Barry is a highly sought after media buyer and performance growth consultant.
So Barry, welcome.
I'm sorry we're meeting under these circumstances, but tell me what happened for you.
Friday afternoon, found out that all of our accounts were shut down.
That's the first notice that I got was, hey, our account is shut down due to our accounts
being hacked. And I didn't know anything
else about it because it's accounts that I'm not really working on, at least other accounts,
but it's someone I'm helping. And I have access to the other ad accounts and I was able to go in
and find rogue spending ads in multiple ad accounts, particularly ad accounts that have been dark
for months, if not years, if not ever.
So did they remove your access then and everyone on your team?
They did not.
Very fortunately, that would have been a much bigger nightmare.
And the thing that had disabled it was apparently someone at this company flagged it to Facebook and then that shut down everything in the business.
So I guess I'm hoping that helped prevent that.
I still had business access, I guess, but the ad accounts were all deactivated.
So it doesn't seem like, I mean, it's very possible that could have been much worse and they could have had admin
access that would have removed other admins. But I don't know if that's possible. I think that is
possible through the API, but I'm not sure. But it seems like they didn't want to do that or
they haven't done it yet. They might still do that. So when this happens, you know, and there's
people mucking around in your business manager, predictably what most people do is they go to the log, the security audit trail of actions in business manager to see who did that and so on.

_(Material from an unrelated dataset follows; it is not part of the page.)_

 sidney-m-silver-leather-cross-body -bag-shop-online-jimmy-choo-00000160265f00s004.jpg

Did you do that? What did you find?
I did do that, and I found no discernible log of any of these new partners that were in our business. There were multiple new business managers that had access to multiple of our ad accounts that were not listed in the history
at all. So there was no log of anyone adding those people. I could see that we had added
some people in the past, but I don't think any of those people that were added were any of the nefarious
like admin users, which leads me to believe that this was a API based attack, which also
is something relates to like, I've heard other stories of people not understanding how this
was happening or being able to see like there were no other users in there. So knowing that,
you know, in reviewing the documentation for Facebook's API for Business Manager,
that this is possible and easy to do. This is terrifying. Am I overstating that?
I think it's terrifying. I mean, I'm witnessing it. I have a front row seat. And either I'm having an issue with the history not exporting properly, or the history isn't logged properly. Or what what happens is if you are a business manager admin and you make a change, like for instance, inviting a partner to your Meta business account or adding an employee, all that shows up on that log so that you can review.
So who gave Sarah access?
Right.
You can check it because that didn't exist or you went to the log.

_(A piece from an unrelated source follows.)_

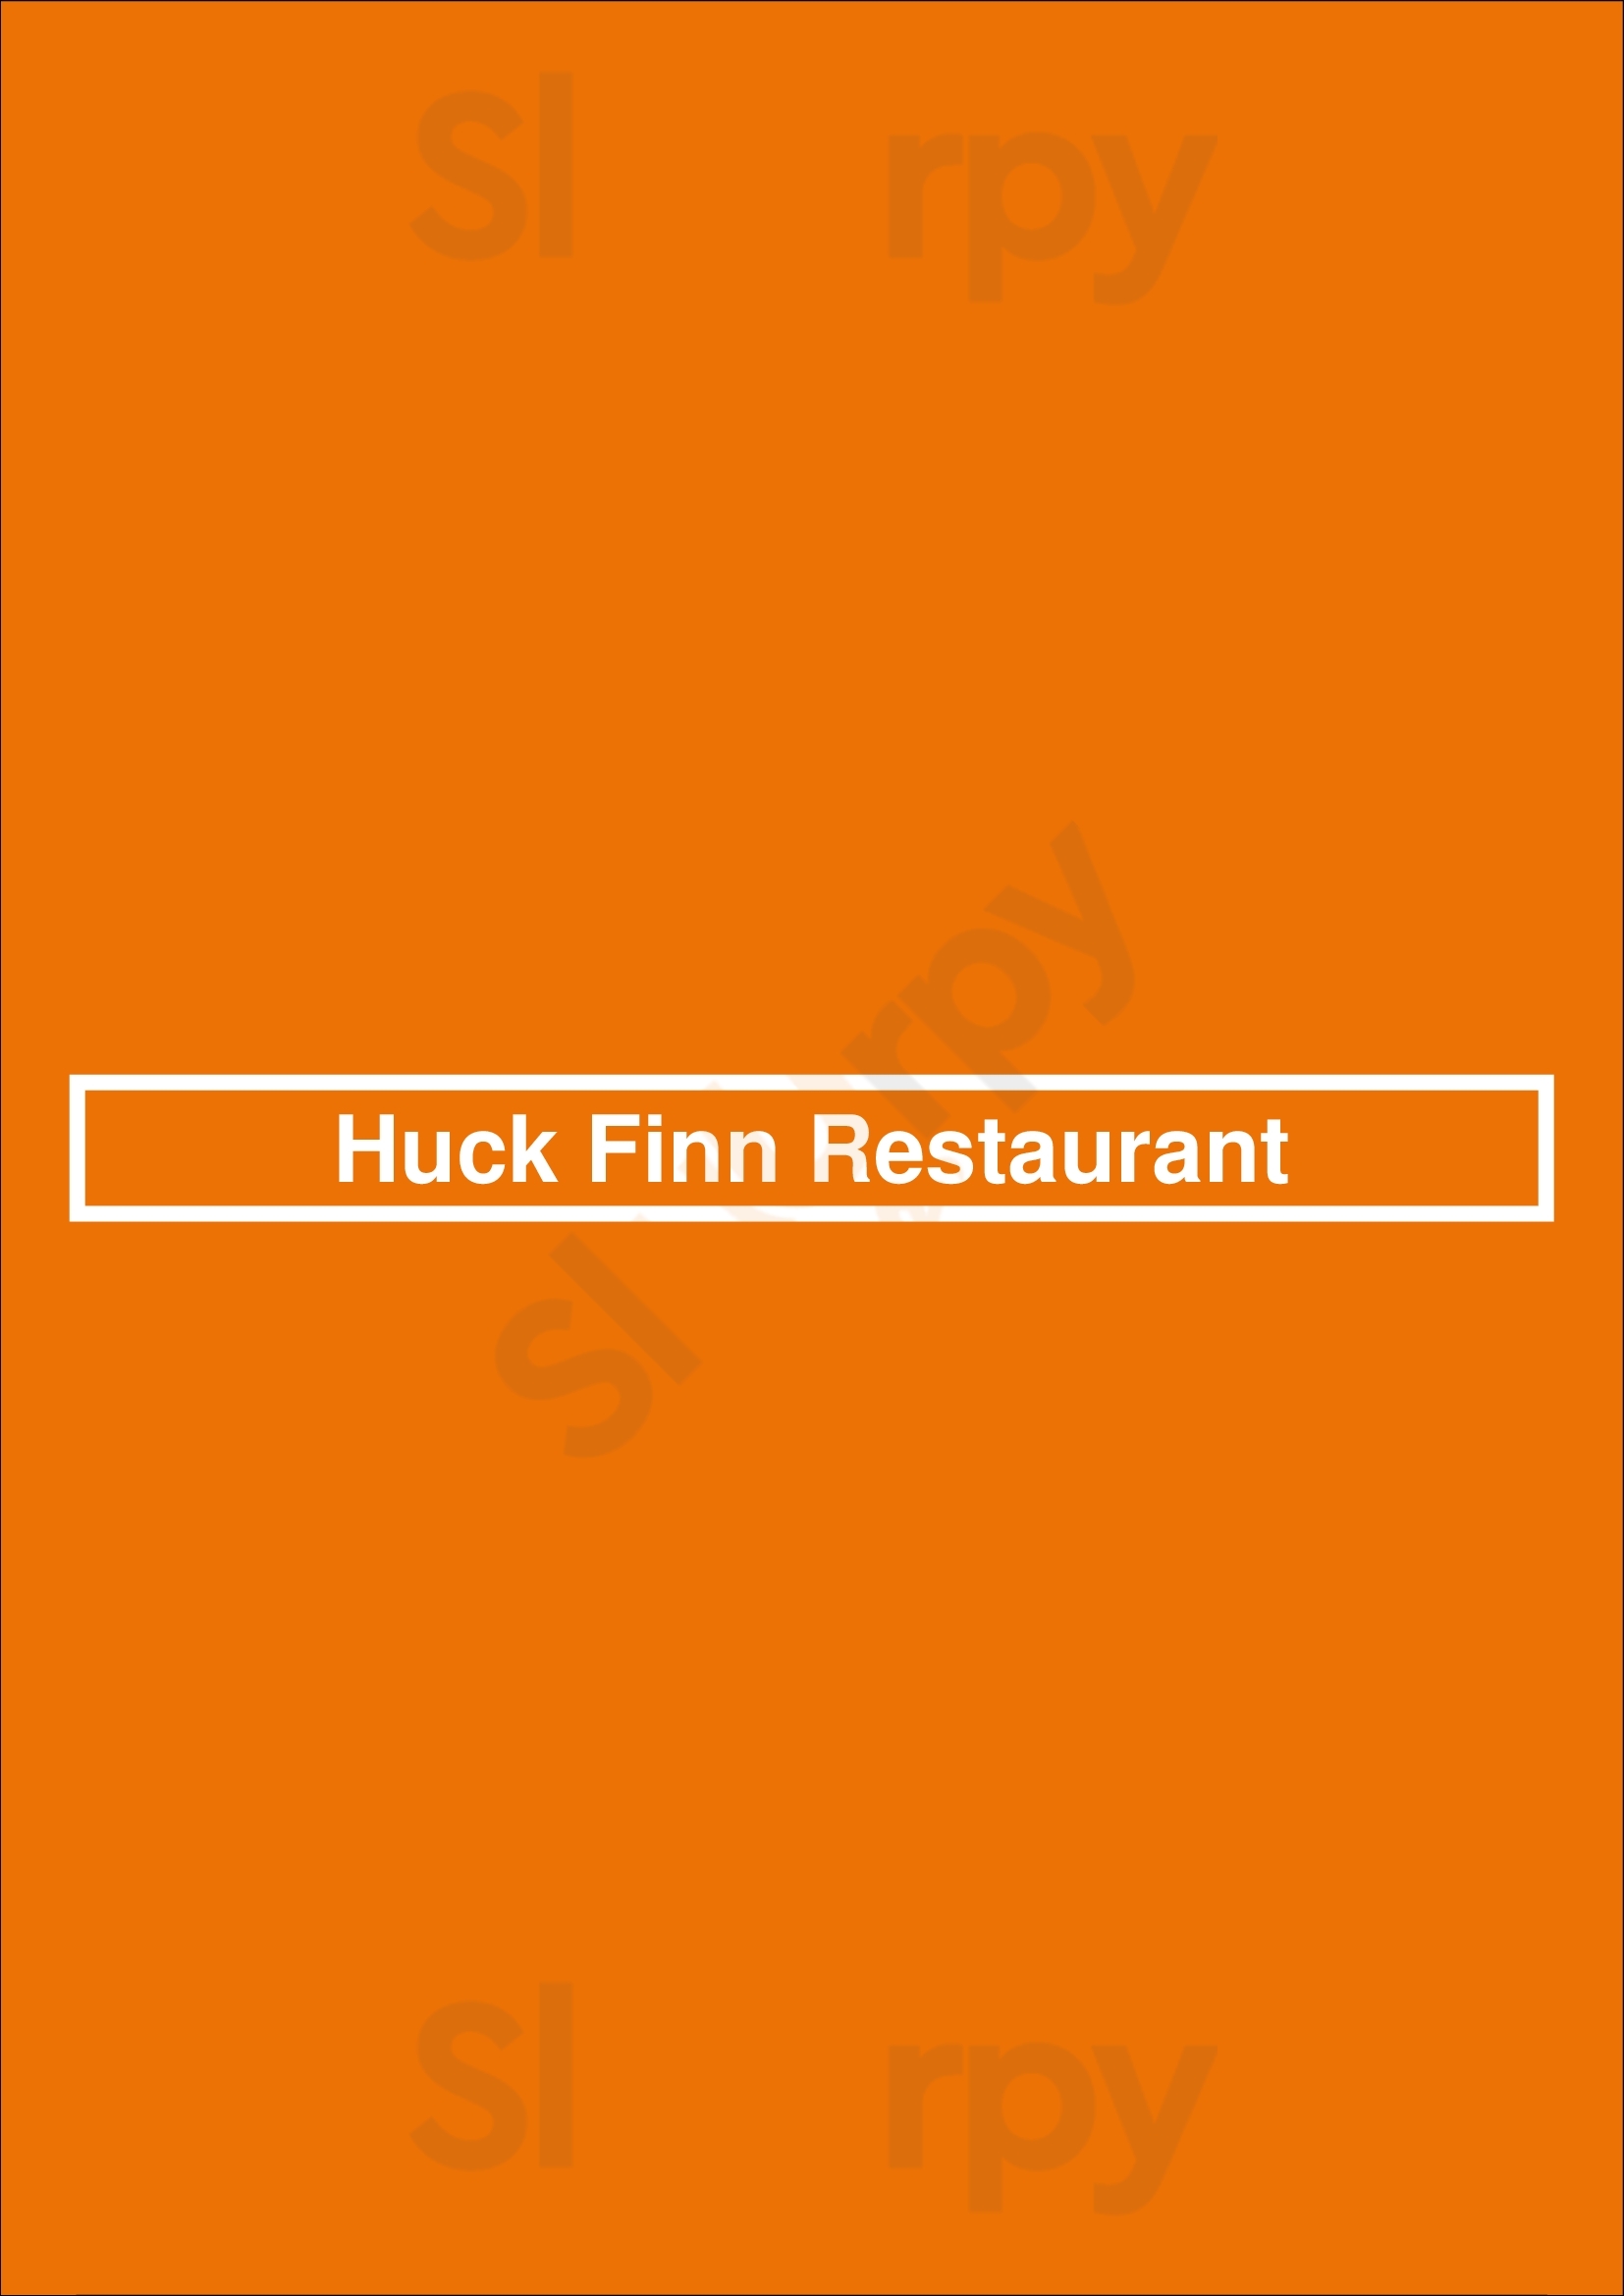 Huck Finn Restaurant Chicago Menu - 1

But but the changes that let people in were phantom.
They weren't there on the log. Your theory is that perhaps hackers have now figured out how to do that through some kind of backdoor like the API, which I wasn't even aware, to be honest, that there was an API for adding and removing people in Business Manager.

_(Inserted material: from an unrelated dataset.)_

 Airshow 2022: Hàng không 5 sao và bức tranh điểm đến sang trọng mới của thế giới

I thought that was all on the desktop side.
Yeah, I mean, it makes sense when you think about the large scale SaaS, right?
Like I think like Sprinklr and other programs that are built to handle this stuff for businesses.
So it makes sense that there is API for this.
But it's terrifying because the thing I find terrifying about this is that someone, a hacker, and I hate to give people the ideas for this, but could build a script that effectively, once it senses it has access to a business, it can literally just launch and immediately grant access to multiple other businesses.
Immediately.
Like, just via code.
Automatically.
So that's terrifying. The scarier part that
happened here happens to be that we don't have a trace of it. That's the like bigger part.
So there's a lot of confounding, conflating factors here, but not being able to see in the
log. And I tested it, like I removed someone else's access and it showed up in the log.
Yeah. You did it not through the API.
You did it on the desktop side.
Correct.
Correct.
So something's missing.
So that was Friday.
What's happened since then?
Since then, we, over the weekend, like found more stuff that Facebook, like literally Saturday,
Facebook responded that they had caught and fixed, resolved the situation.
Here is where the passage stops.